Things are getting a little tense for Democrats and the far left Democrat voters as they see the good possibility that the Obamacare health insurance mandate will be shot down this week by the Supreme Court. There is even the possibility that the whole thing will be shot down because the wholly Democrat legislation did not include severability. The NY Times wonders how we got to this point (I’m pulling the article from the Pittsburgh Post Gazette since I reached my limit of 10 articles at the Fish Wrap)
With the Supreme Court set to render judgment on President Barack Obama’s health care law as early as Monday, the White House and Congress find themselves in a position that many advocates of the legislation once considered almost unimaginable.
In passing the law two years ago, Democrats entertained little doubt that it was constitutional. The White House held a conference call to tell reporters that any legal challenge, as one Obama aide put it, “will eventually fail and shouldn’t be given too much credence in the press.”
Congress held no hearing on the plan’s constitutionality until nearly a year after it was signed into law. Rep. Nancy Pelosi, then the House speaker, scoffed when a reporter asked what part of the Constitution empowered Congress to force Americans to buy health insurance. “Are you serious?” she asked with disdain. “Are you serious?”
The Dems simply said “it’s Constitutional since we say it is, and because we passed it.” Let’s not forget that the vote in the House was 219-212, with 34 Democrats voting against, and that the Democrats had to offer serious bribes for Representatives and Senators to get to the numbers needed to pass this monstrosity, as well as legislative chicanery such as using the reconciliation process. And still passed it despite the massive opposition and outcry from the American People during the 10 months the Democrats were pushing it (while ignoring the economy).
Opponents of the health plan were indeed serious, and so was the Supreme Court, which devoted more time to hearing the case than to any other in decades. A White House that had assumed any challenge would fail now fears that a centerpiece of Mr. Obama’s presidency may be partly or completely overturned on a theory that it gave little credence. The miscalculation left the administration on the defensive as its legal strategy evolved over the last two years.
The centerpiece of Obama’s presidency was and is wildly unpopular as a whole. Period. He didn’t care if it was unpopular or constitutional: he just wanted it passed.
Looking back, Democrats said they had had every reason for confidence given decades of Supreme Court precedents affirming Congress’ authority to regulate interstate commerce, and lawyers who defended the law said they had always taken the challenge seriously even if politicians had not. But they underestimated the chances that conservative judges might interpret those precedents differently or discard them. Adversaries said the law’s proponents had been too attentive to liberal academics who shaped public discussion. “There’s very little diversity in the legal academy among law professors,” said Randy E. Barnett, a Georgetown University law professor and leading thinker behind the challenge. “So they’re in an echo chamber listening to people who agree with them.”

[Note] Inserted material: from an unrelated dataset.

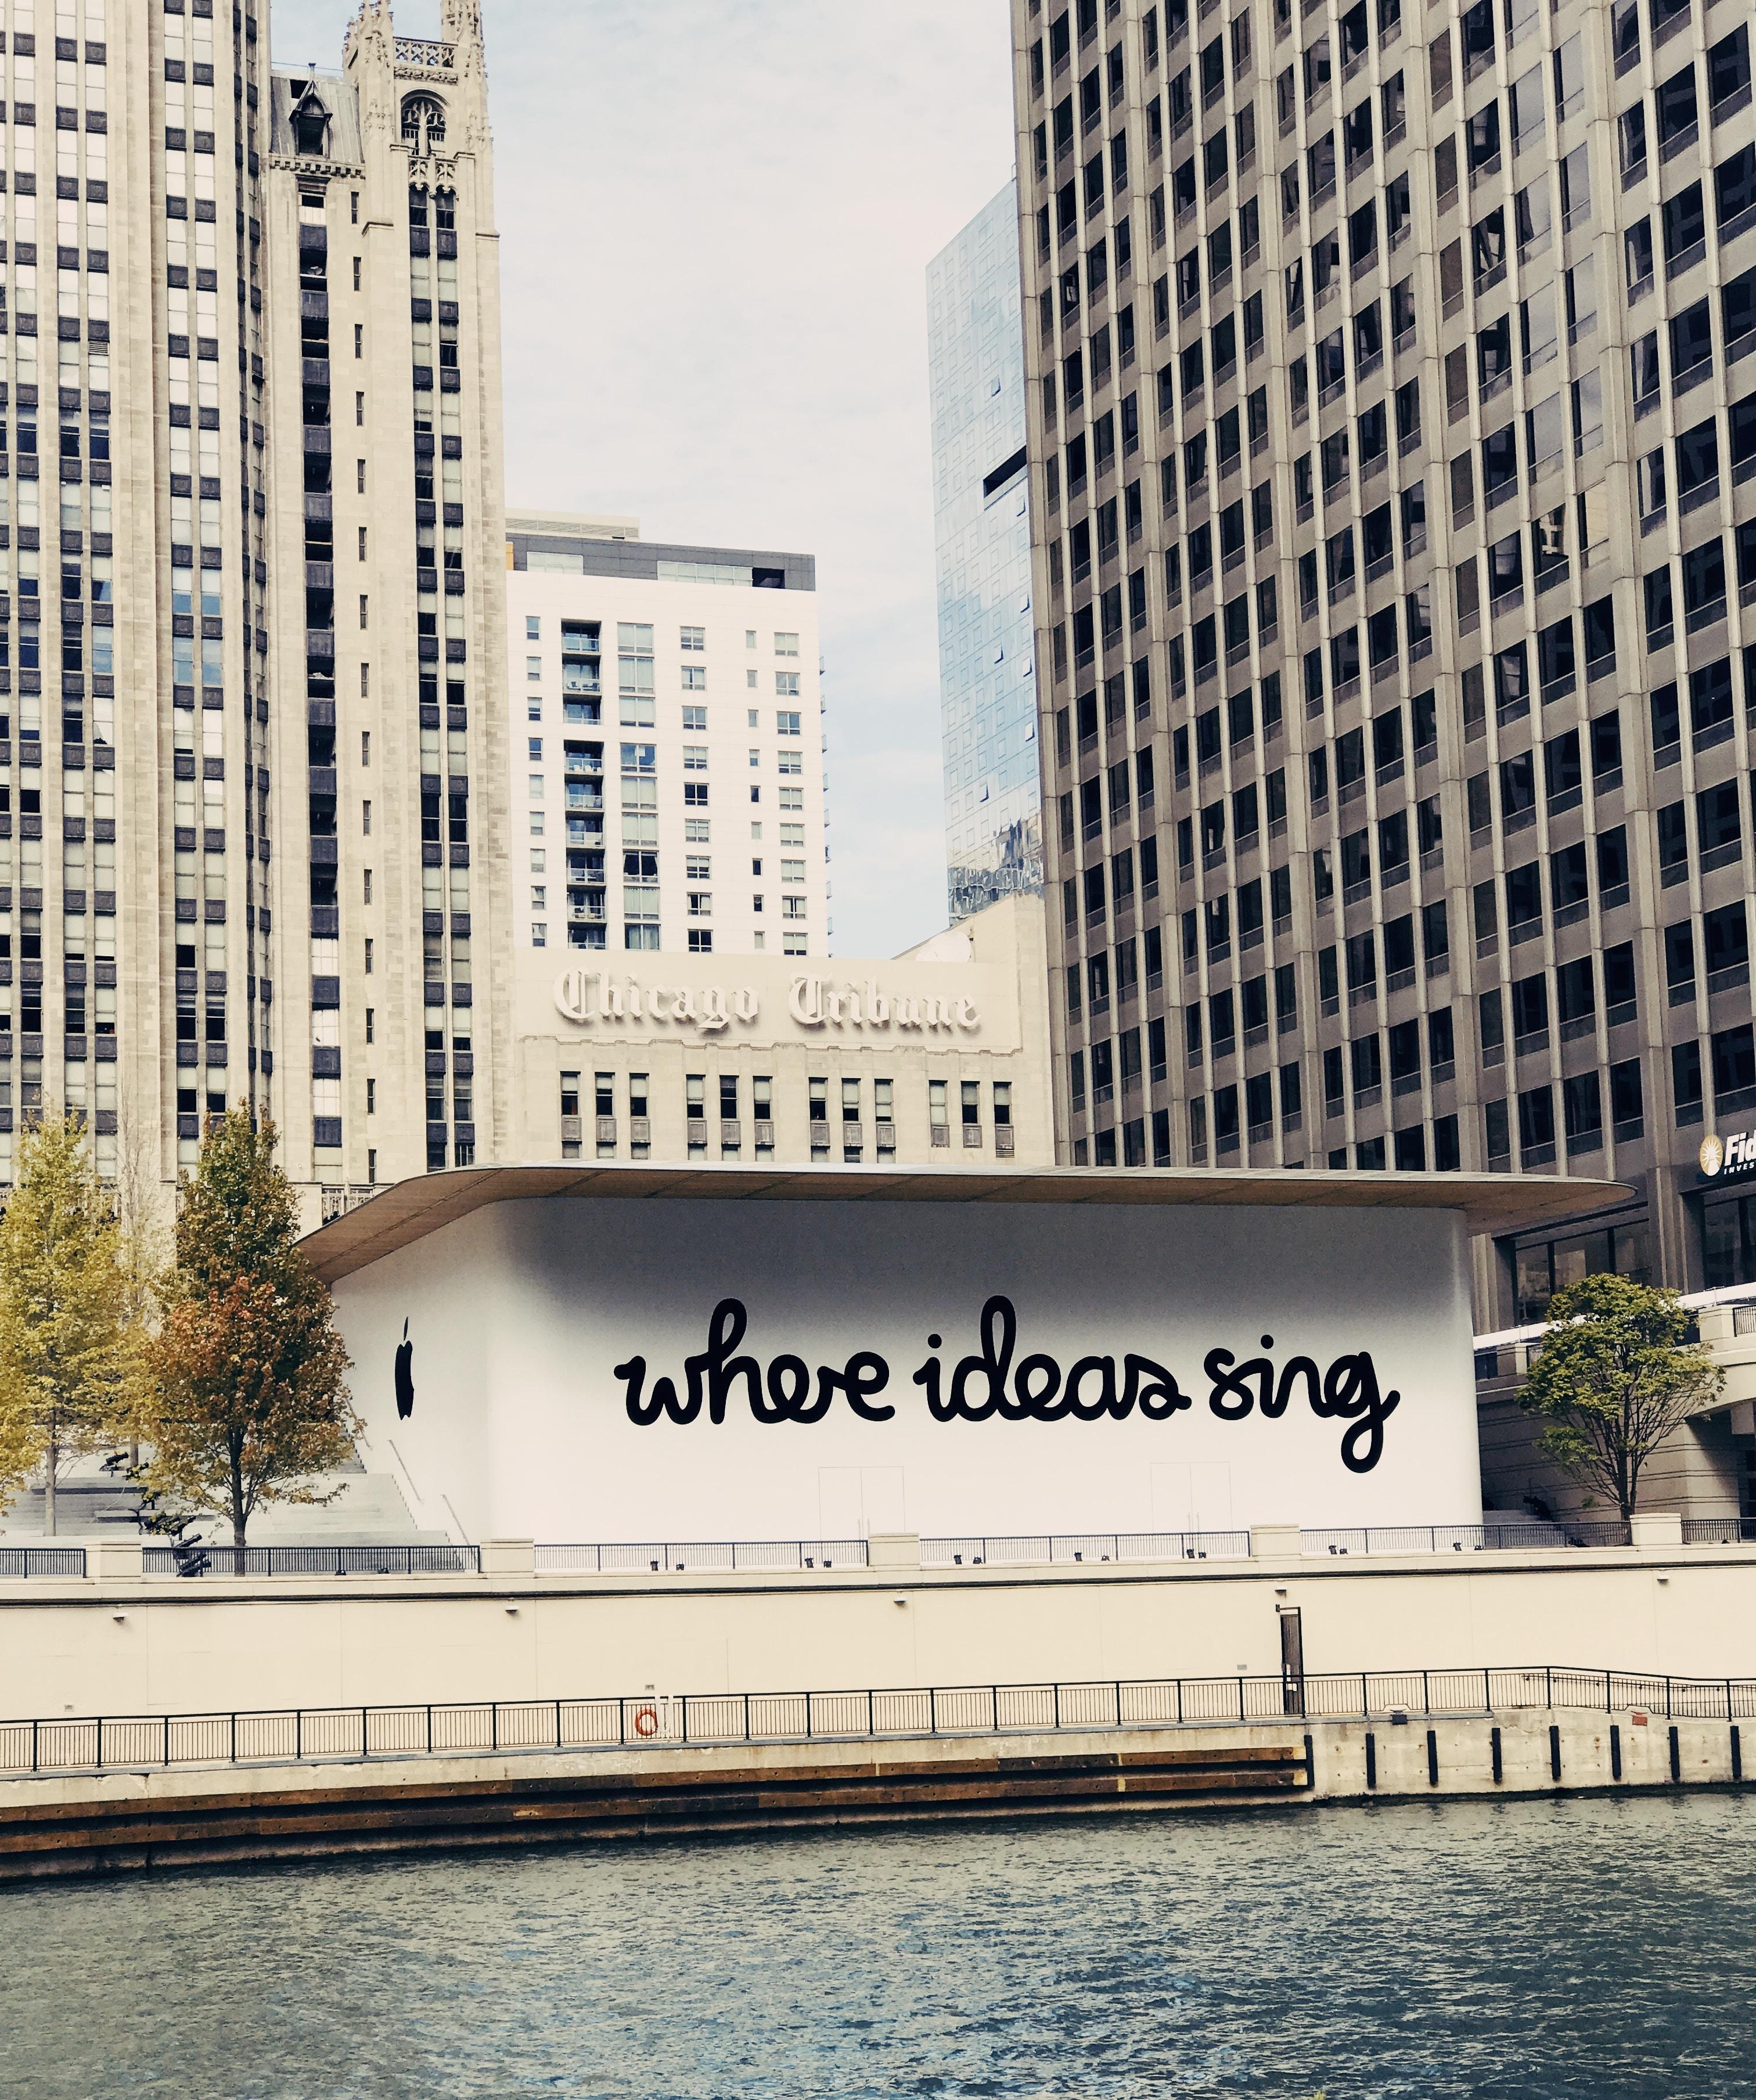 white concrete building near body of water
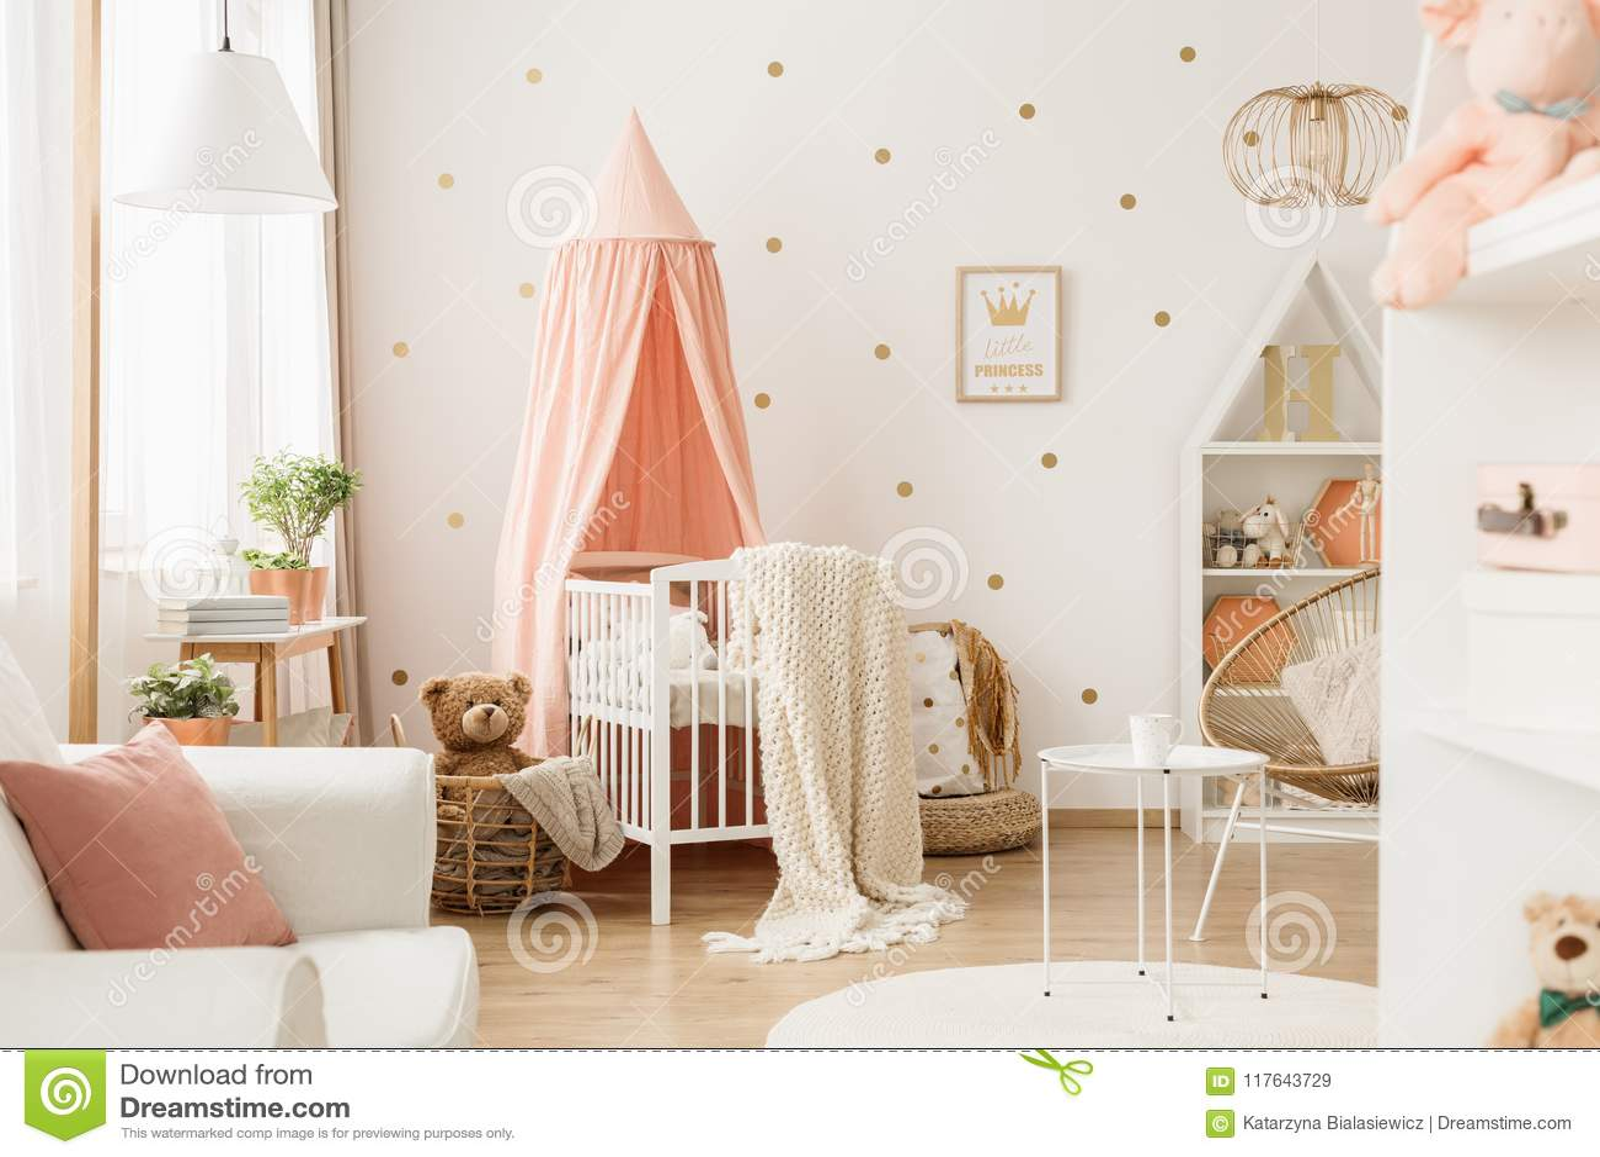 Nursery room with dots

There you have it in a nutshell: liberals never considered that their
viewpoint feelings could not only be wrong, but unconstitutional. There was never any consideration that, yes, people would find it unconstitutional, and more importantly, that judges would find any parts unconstitutional.
Of course, when the Mandate, and possibly the whole law (I’m betting that SCOTUS will rule narrowly, and only strike down the mandate) goes down, we’ll be treated to a litany of talking points aimed at those “conservative judges” and how they are something something and something something else. Use your imagination, they’ll have lots of the same petty arguments, such as raaaaacism against the first black President, that they’re extremists, that Republicans want to kill grandma, etc and so on. They’ll be no acknowledgement that the Mandate goes too far in violating the Commerce clause in regulating inactivity and was clearly unconstitutional.